Variable $data is passed to emailtemplate::readText command in the first place. We can use it for passing data to our templates as dictionaries. For example, if we were to send a notification that a payment is due, data would contain first name, last name, and other information about the recipient, and the amount and payment date. Our template would then include these values in the text by using dict get command as seen in this section.

We've loaded the uuid and fileutil::magic::mimetype packages. The first one is used to generate the message's unique identifier, whereas the second one is used to get the MIME content type from files, so that these don't have to be specified explicitly by e-mail template providers.

Next we'll create a buildMessage procedure that builds a MIME part containing each element based on directory where the template is placed and provided data. It also accepts an optional list of attachments, which allows us to add additional files, such as invoices as PDF files, if this is needed.
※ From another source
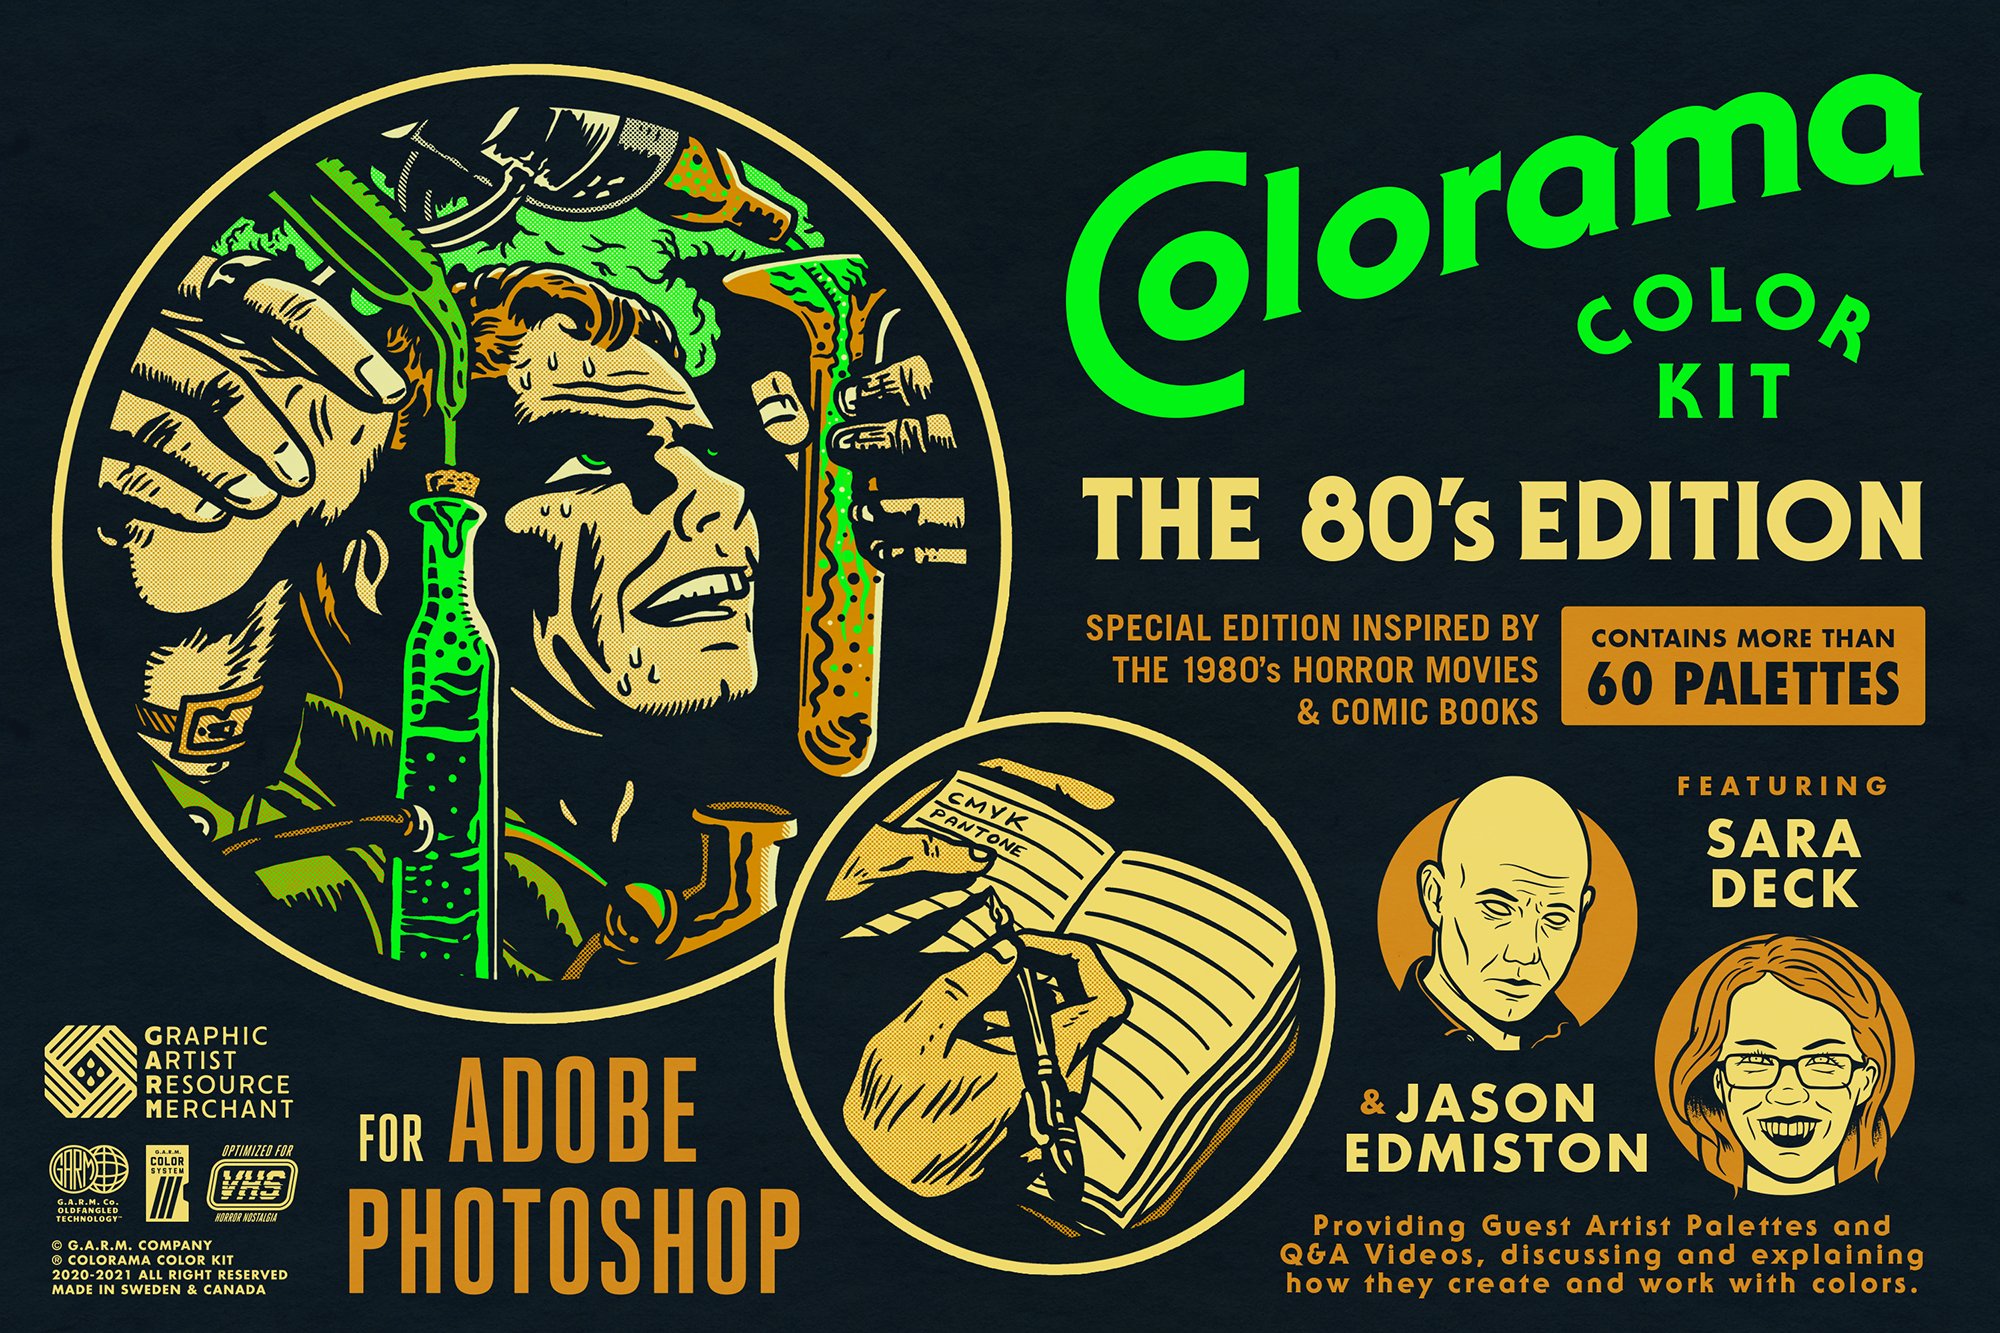 Colorama: 80's Edition (Photoshop)cover image.
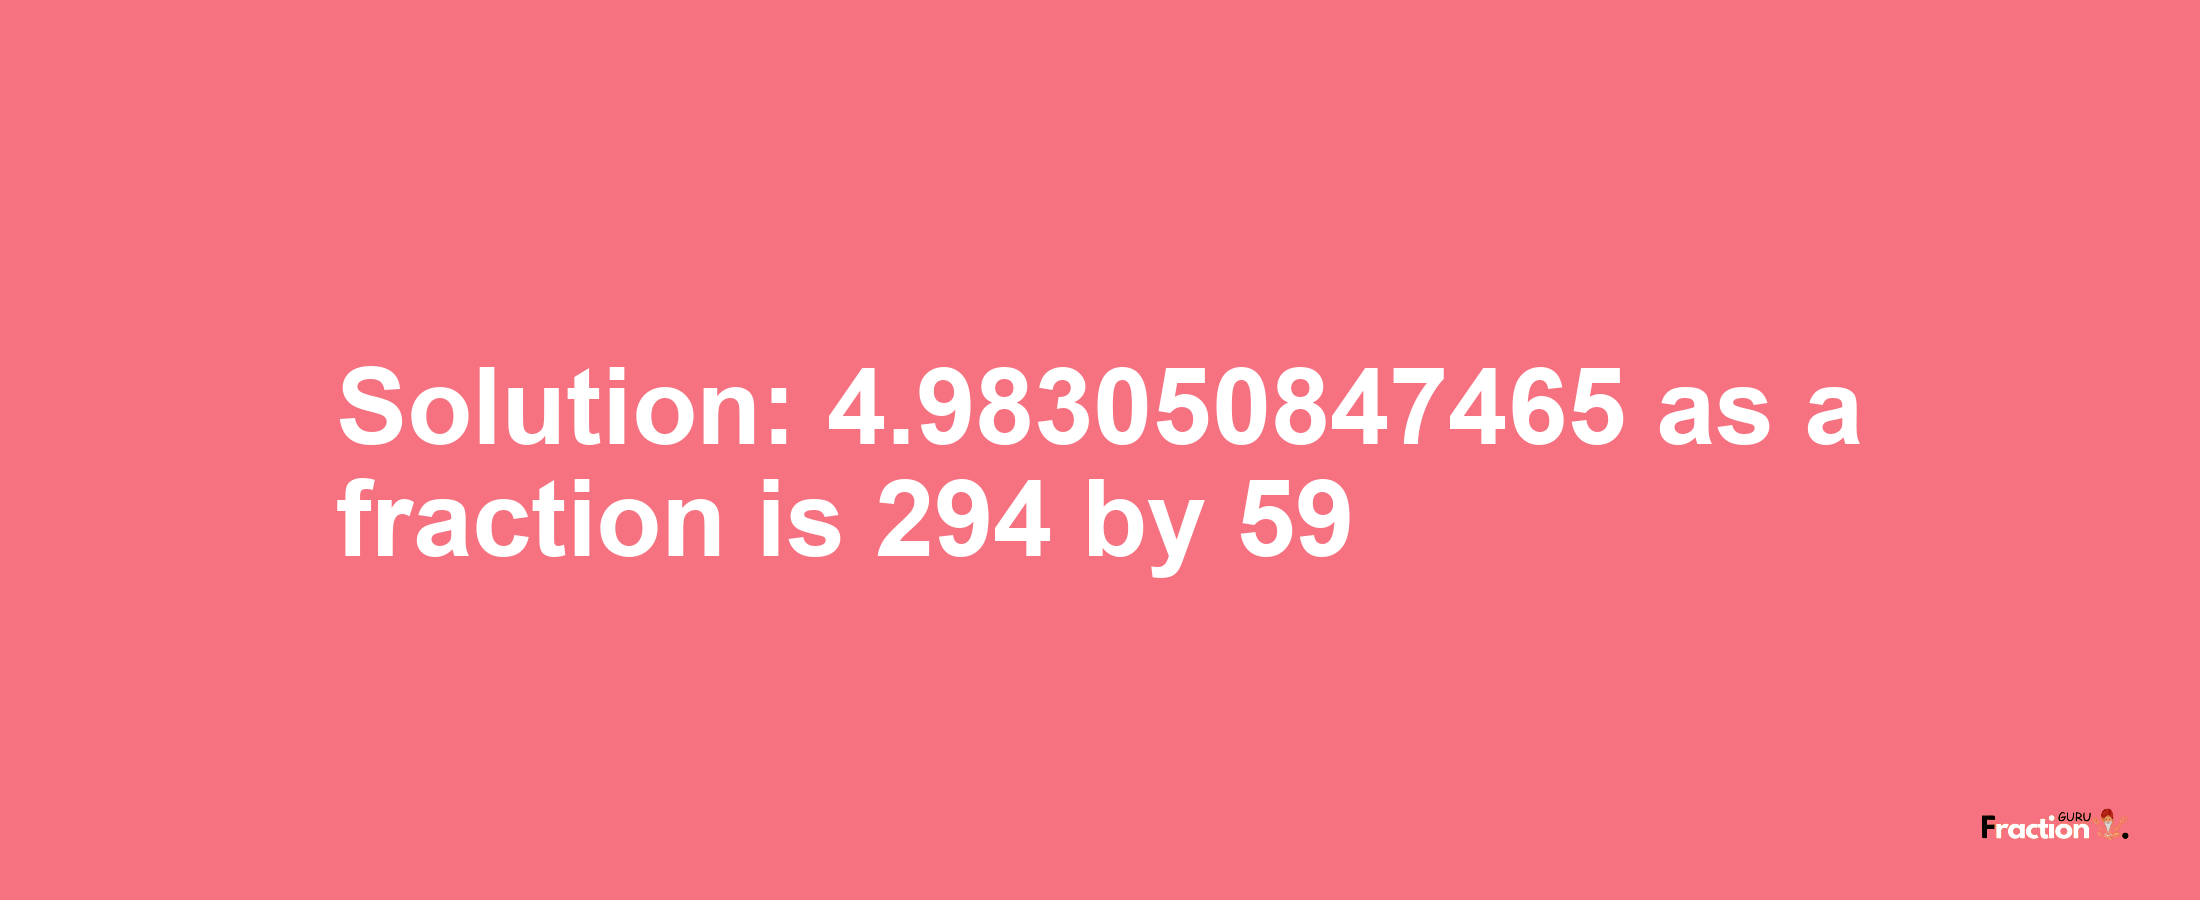 Solution:4.983050847465 as a fraction is 294/59

proc emailtemplate::buildMessage {directory data {files ""}} {
set messageId [uuid::uuid generate]

The following steps are performed as part of emailtemplate::buildMessage:

The first step is to read the subject and both versions of messages. We'll also make sure that the subject does not include any newline characters as this will create errors when either building or parsing the message. We do this by splitting the subject into a list of lines and choose the first element from that list.

set subject [readText 
[file join $directory subject.txt] $data]
set msgtext [readText 
[file join $directory message.txt] $data]
set msghtml [readText 
[file join $directory message.html] $data]
set subject [lindex [split $subject 
] 0]

After we've read the subject and both types of messages, we now build the MIME parts for these. Please note that, at this point, our messages are already formatted using the data that was provided. This step is very similar to how it was previously built for our first message.

set part_text [mime::initialize 
-canonical "text/plain; encoding=UTF-8" 
-string $msgtext -encoding quoted-printable]
set part_html [mime::initialize 
-canonical "text/html; encoding=UTF-8" 
-string $msghtml -encoding quoted-printable]

The third step is to build a list of parts for the multipart/related element that contains an HTML message along with sending images inline. We create a list of parts and add only one element to it for now—the actual HTML part.

set parts_related [list $part_html]

We then list all files in the template directory beginning—matching inline_* pattern. The variable file contains full path to the file and filename contains just the filename.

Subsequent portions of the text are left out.